WOW. Check out this amazing fan letter I got:
"This is going to sound 100% tacky and normally I behave nothing like this but you are the most stunningly attractive Goddess I have ever laid eyes on. Please bear in mind that I am for the most part blind and more gay than straight so it’s a fair compliment : )”."
Alex just thinks he has the market cornered on these kind of emails! HA!
Goddess' Hot(t) Cop O'The Week Award goes to: Officer Michael Winslow of the Cincinnati, O-HI-O Police Department.
Lordy, I need some of that chocolate lovin'. Ooh, he's hot(t).
He was featured on the 600th (!) ep of COPS.
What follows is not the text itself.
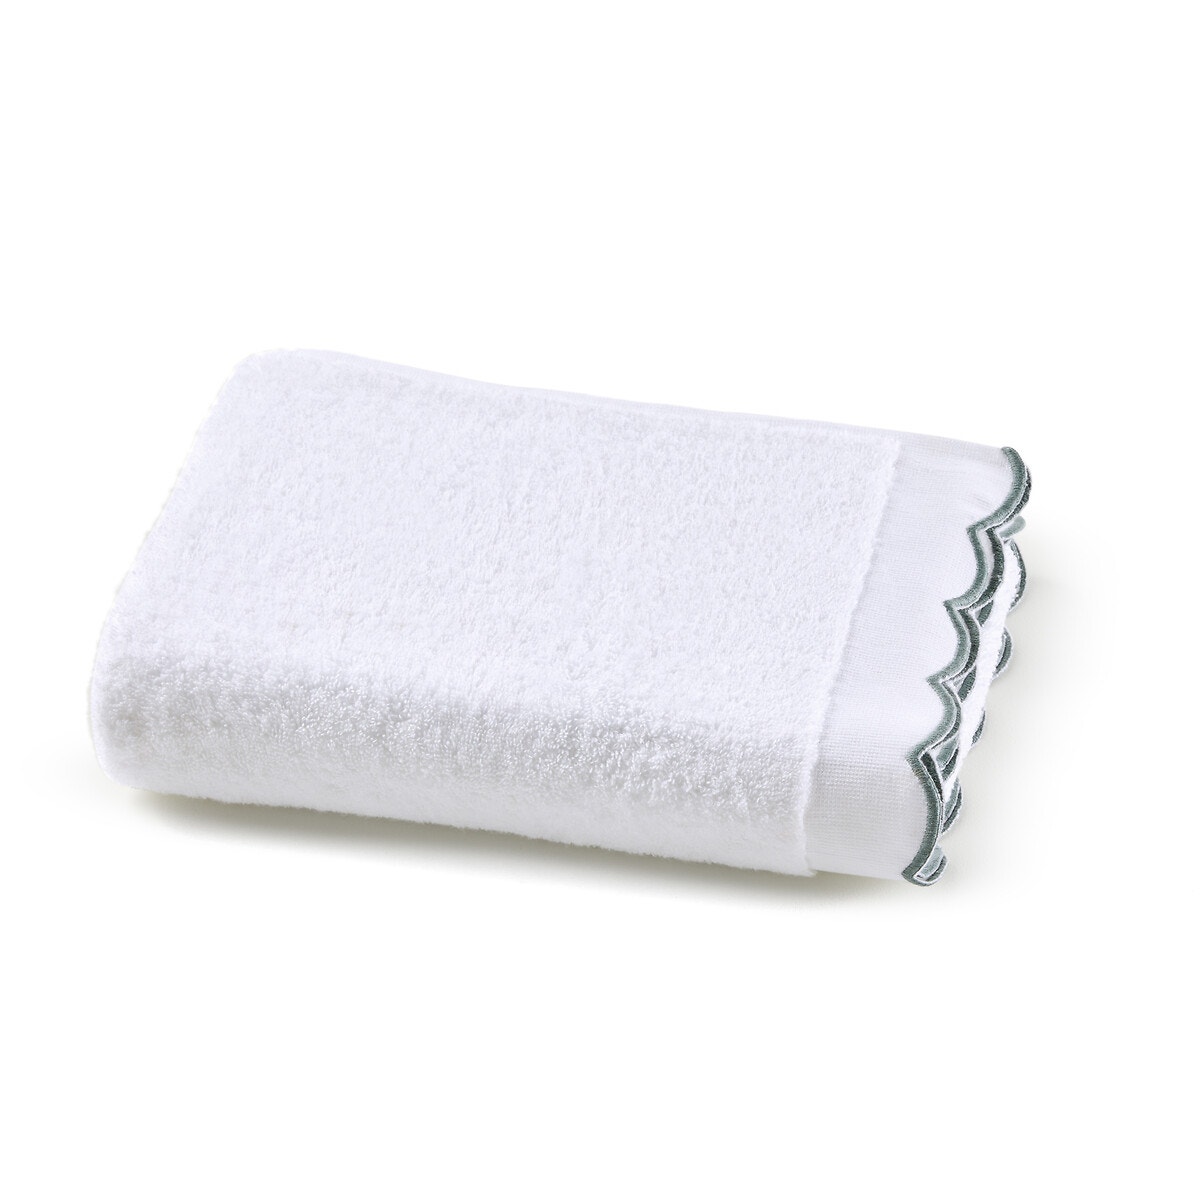 Σπίτι > Λευκά είδη > Μπάνιο > Πετσέτες μπάνιου Μονόχρωμη πετσέτα μπάνιου 500g 70x140 cm
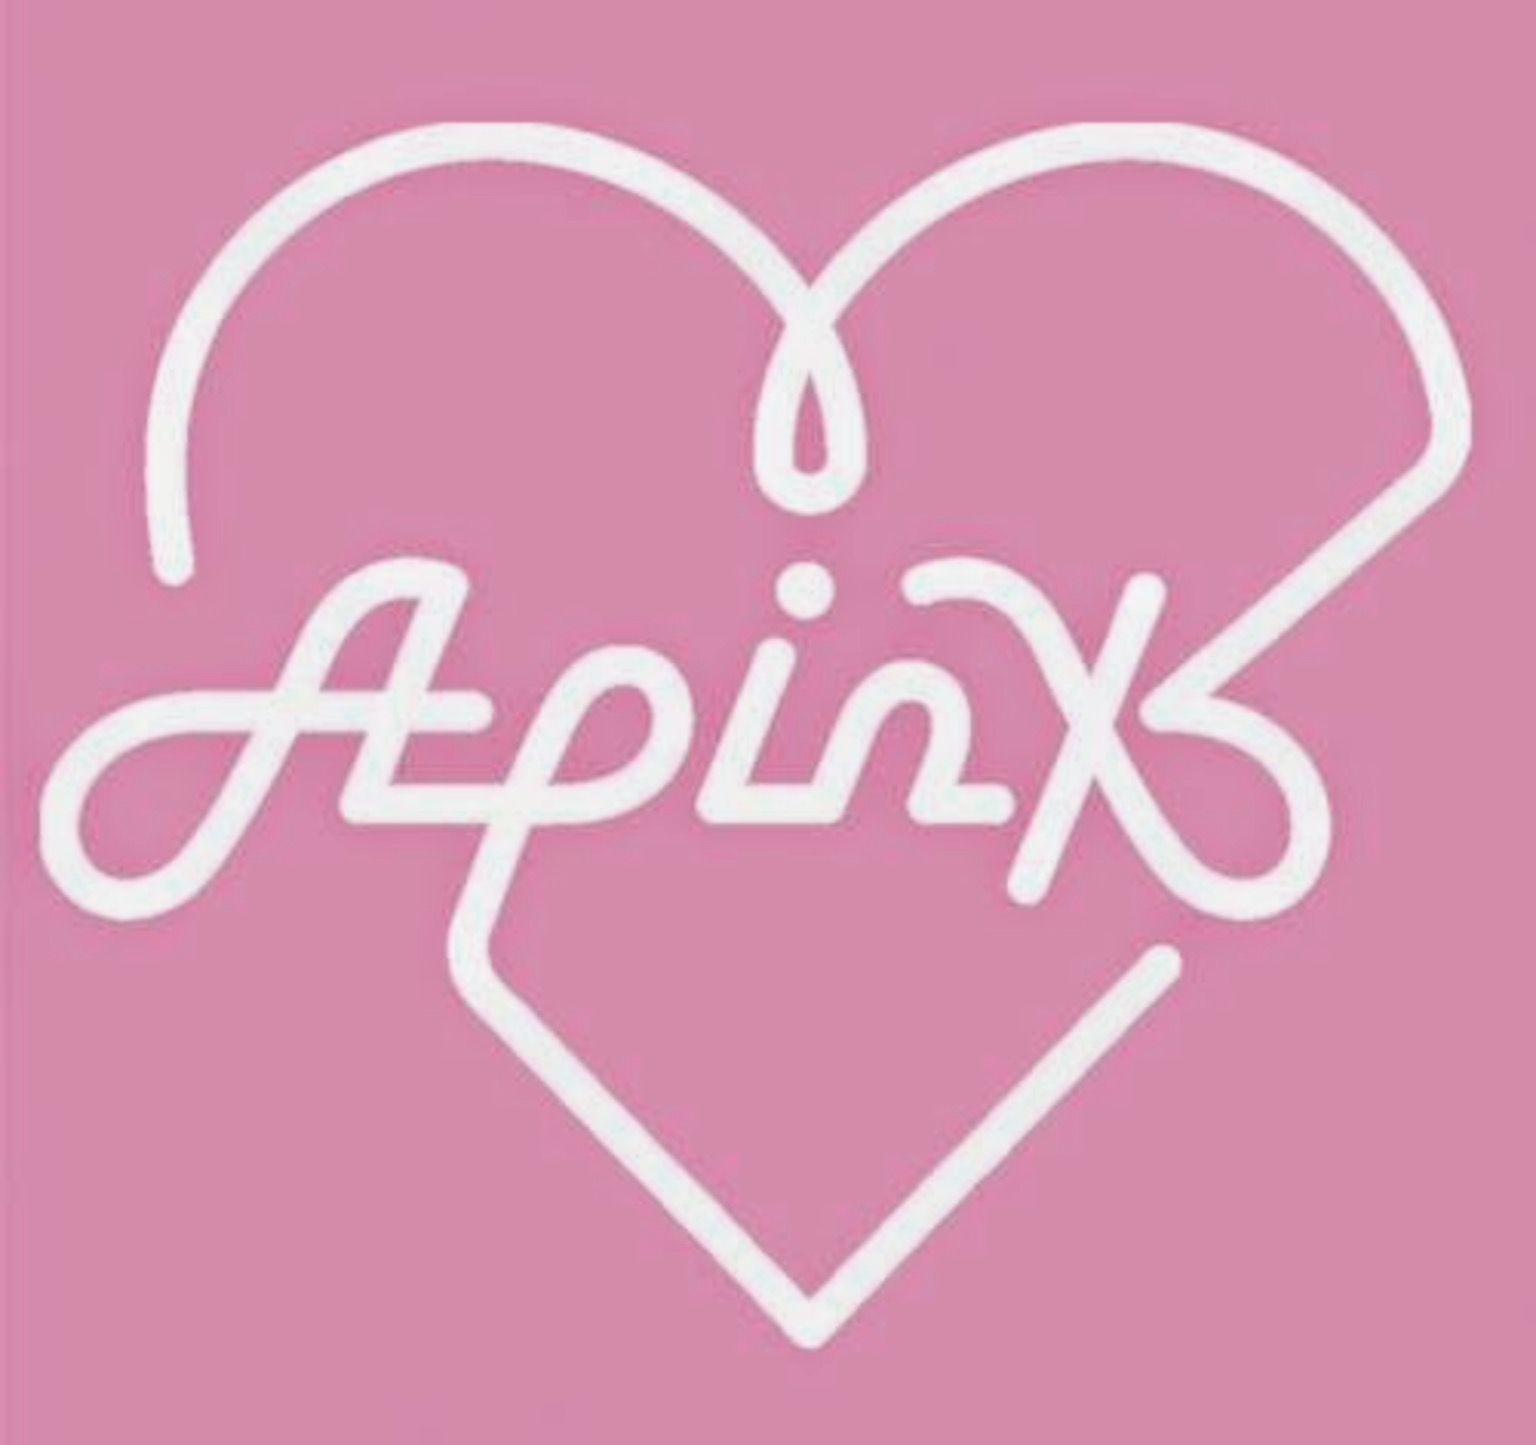 Apink Logo - Apink logo | Apink kpop !! | Logos, Kpop logos, Band logos

On COPS tonight, they had an ep with a father and son who got into an argument on the way home from a strip club and proceeded to beat the snot out of each other. Ahh another Kodak family moment.
There are just some things you SHOULD NOT SHARE with your parents, such as:
1.details of your boinking exploits
2. oral sex tips
("Mom, do you swallow?" Brrrrrr....)
3. how much money you spend on porn
4. how you like to jack off while thinking of a family member
(first cousins don't count, right?)
5. slipping dollar bills into the g strings of half
naked men and women doing the bump and grind
(and getting a lap dance while dad watches proudly makes me want to HURL )
It's icky, people. It's just plain icky.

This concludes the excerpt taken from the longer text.